** Opening Available data block **

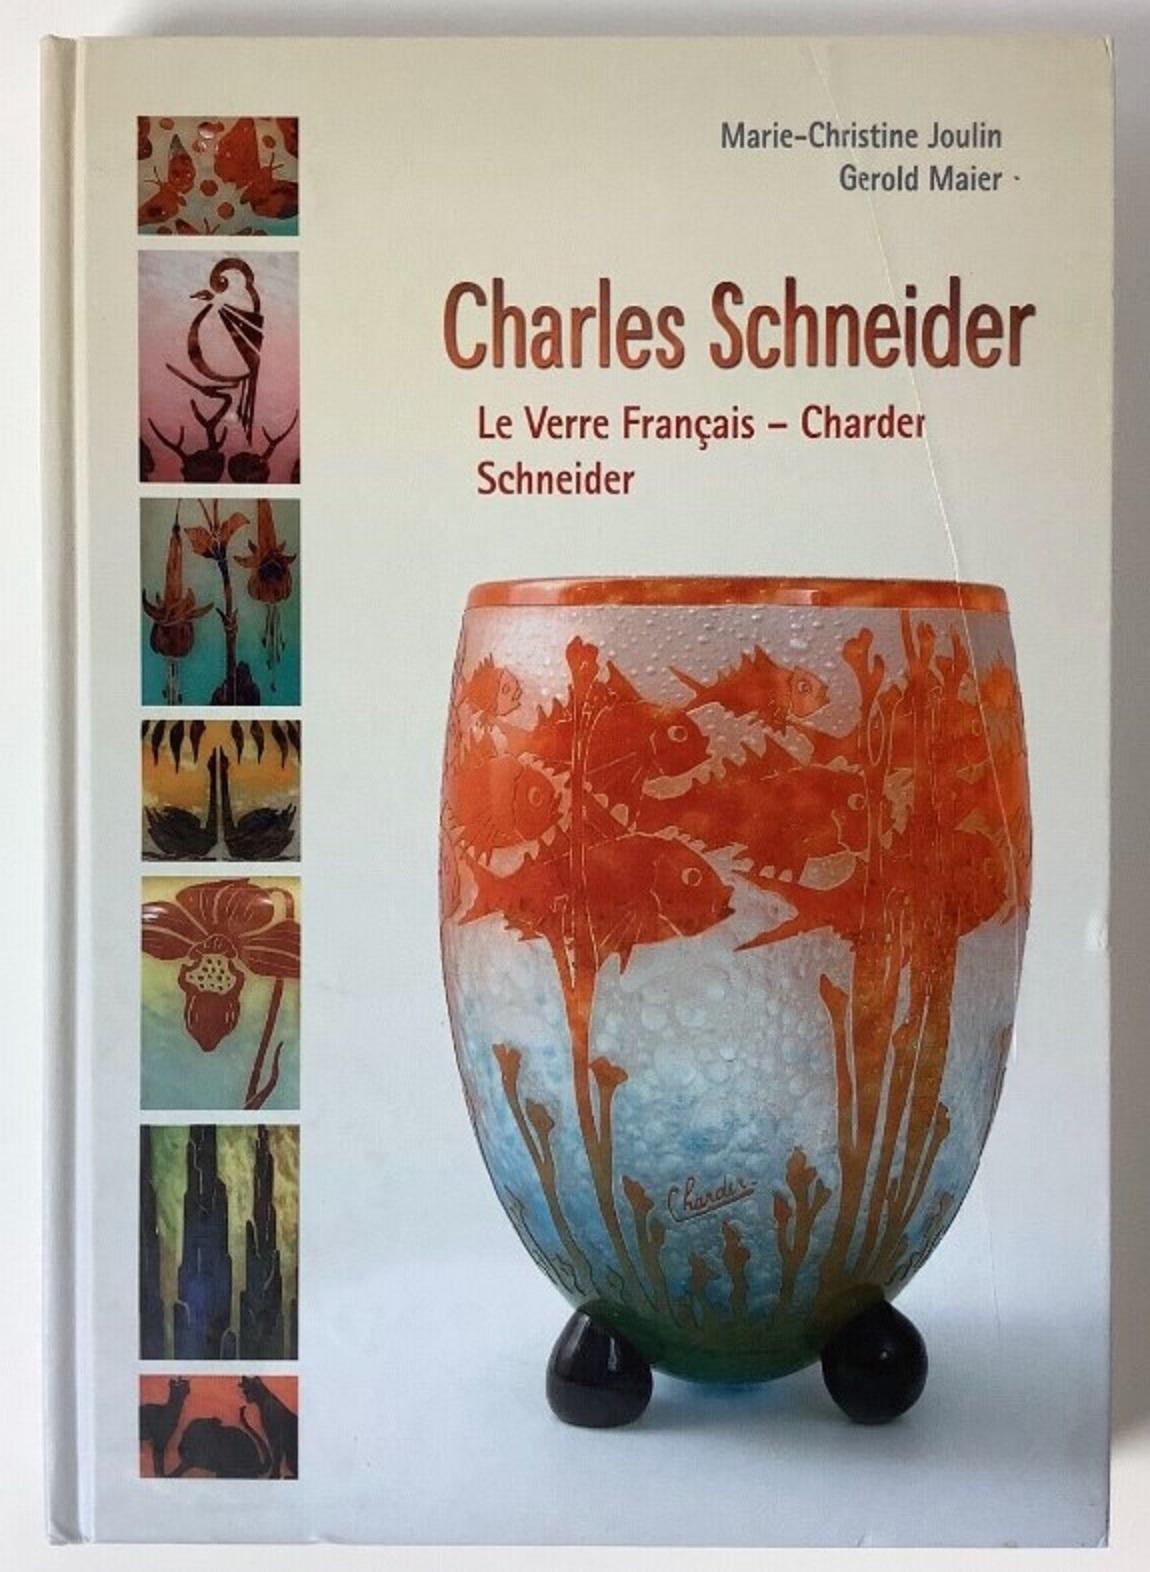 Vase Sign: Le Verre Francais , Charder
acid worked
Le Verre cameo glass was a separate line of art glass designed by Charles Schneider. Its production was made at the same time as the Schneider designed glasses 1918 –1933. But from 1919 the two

** Closing Available data block **

Restate the listing word for word. Pictures do not belong in the copy.

Solution for this problem:
 Vase Sign: Le Verre Francais , Charder
acid worked
Le Verre cameo glass was a separate line of art glass designed by Charles Schneider. Its production was made at the same time as the Schneider designed glasses 1918 –1933. But from 1919 the two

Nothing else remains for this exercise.